La organización de productores reclama una salida comercial para las 50 toneladas almacenadas antes de que comience la próxima cosecha. Su planteamiento incluye regularizar las adquisiciones y resolver los compromisos pendientes con los apicultores.

EBA cumple un papel relevante como comprador institucional porque permite reunir producción procedente de diferentes comunidades y canalizarla hacia procesos industriales o programas de comercialización. Cuando disminuyen las adquisiciones de un comprador de ese tamaño, los productores deben buscar rápidamente mercados alternativos capaces de absorber volúmenes considerables.

La diversificación comercial puede incluir ventas directas, acuerdos con distribuidores, transformación, certificaciones o diferenciación por origen. Sin embargo, desarrollar esos canales requiere tiempo, recursos, trazabilidad y condiciones sanitarias adecuadas. El análisis sobre los desafíos y oportunidades del mercado apícola destaca precisamente el valor agregado en origen y las exportaciones diferenciadas como opciones para ampliar los ingresos.

El comercio internacional tampoco está libre de tensiones. La reciente disputa por el acceso de la miel del Mercosur al mercado europeo evidencia cómo los cupos, precios y condiciones de acceso pueden alterar las oportunidades de los productores.

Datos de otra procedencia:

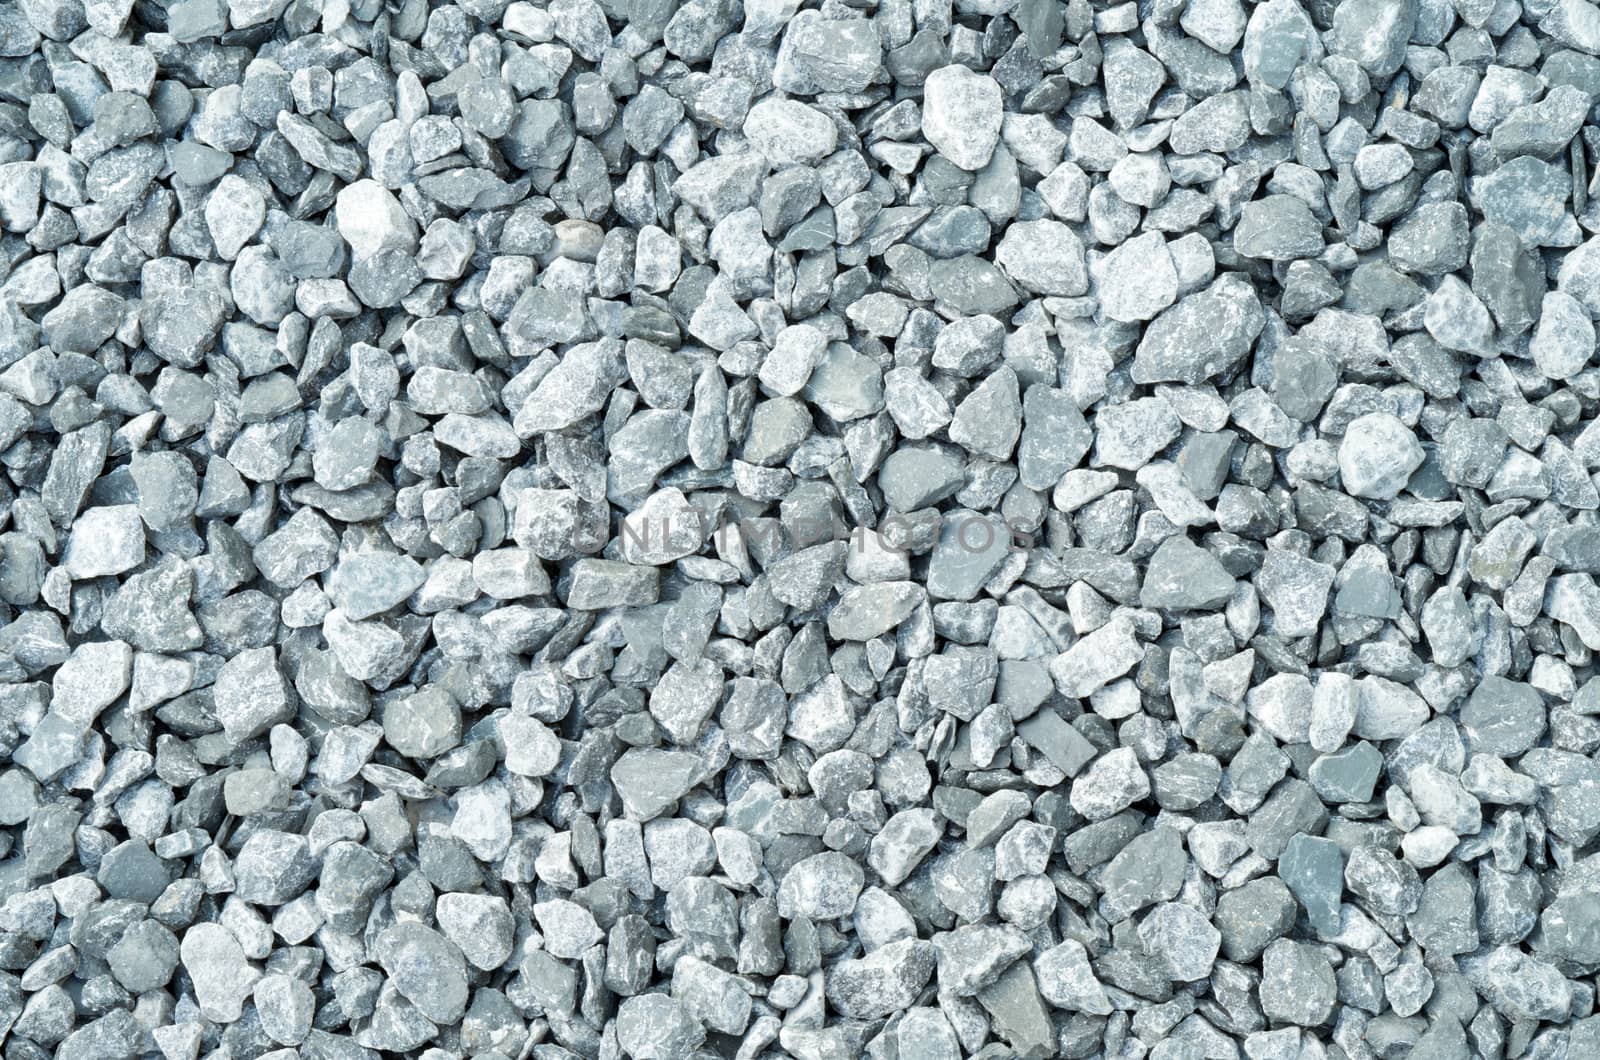 Topw down closeups view of compacted gray gravel

La crisis comercial amenaza una actividad rural estratégica

La apicultura genera ingresos a partir de la miel y otros productos de la colmena, pero su contribución alcanza también la polinización de cultivos y plantas silvestres. Por eso, la continuidad de los apiarios tiene efectos productivos y ambientales que van más allá de la mercancía acumulada.

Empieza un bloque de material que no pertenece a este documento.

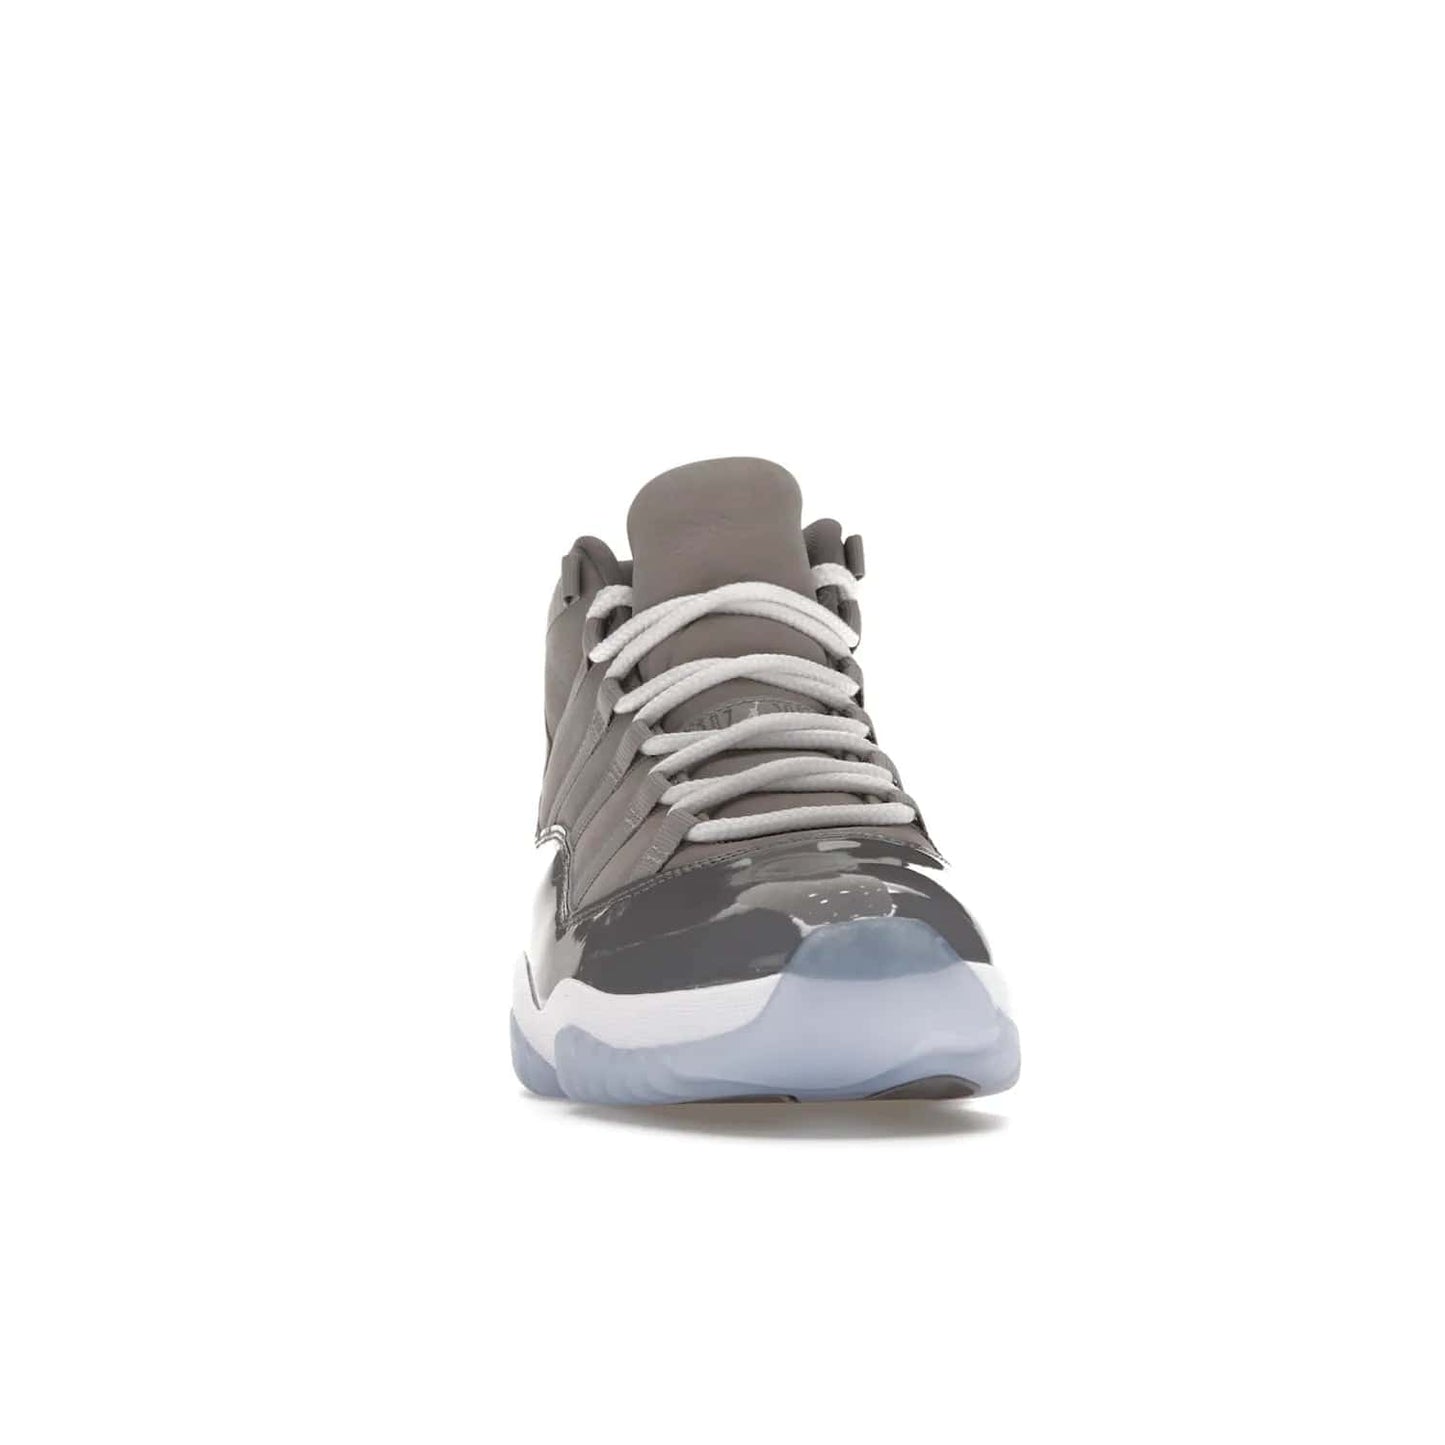 Jordan 11 Retro Cool Grey (2021) - Image 9 - Only at www.BallersClubKickz.com - Shop the Air Jordan 11 Retro Cool Grey (2021) for a must-have sneaker with a Cool Grey Durabuck upper, patent leather overlays, signature Jumpman embroidery, a white midsole, icy blue translucent outsole, and Multi-Color accents.  Released in December 2021 for $225.

La magnitud económica de la actividad puede observarse en países como México, que produjo 60.297 toneladas durante 2025 y mantiene a más de 47.000 productores vinculados al sector. Ese caso muestra el peso de la miel y la protección de los polinizadores en la economía rural.

En el Chaco boliviano, el desafío inmediato consiste en transformar el producto ya cosechado en ingresos antes de recibir el siguiente volumen. Sin una solución comercial, la acumulación podría afectar la planificación de nuevas campañas, la capacidad financiera de las familias y la permanencia de productores en la actividad.

Fedapicruz considera urgente restablecer las compras y aclarar los pagos y contratos denunciados. Una respuesta que defina volúmenes, fechas y condiciones permitiría a los apicultores determinar qué parte de la cosecha puede canalizarse mediante EBA y qué cantidad deberá buscar otros compradores.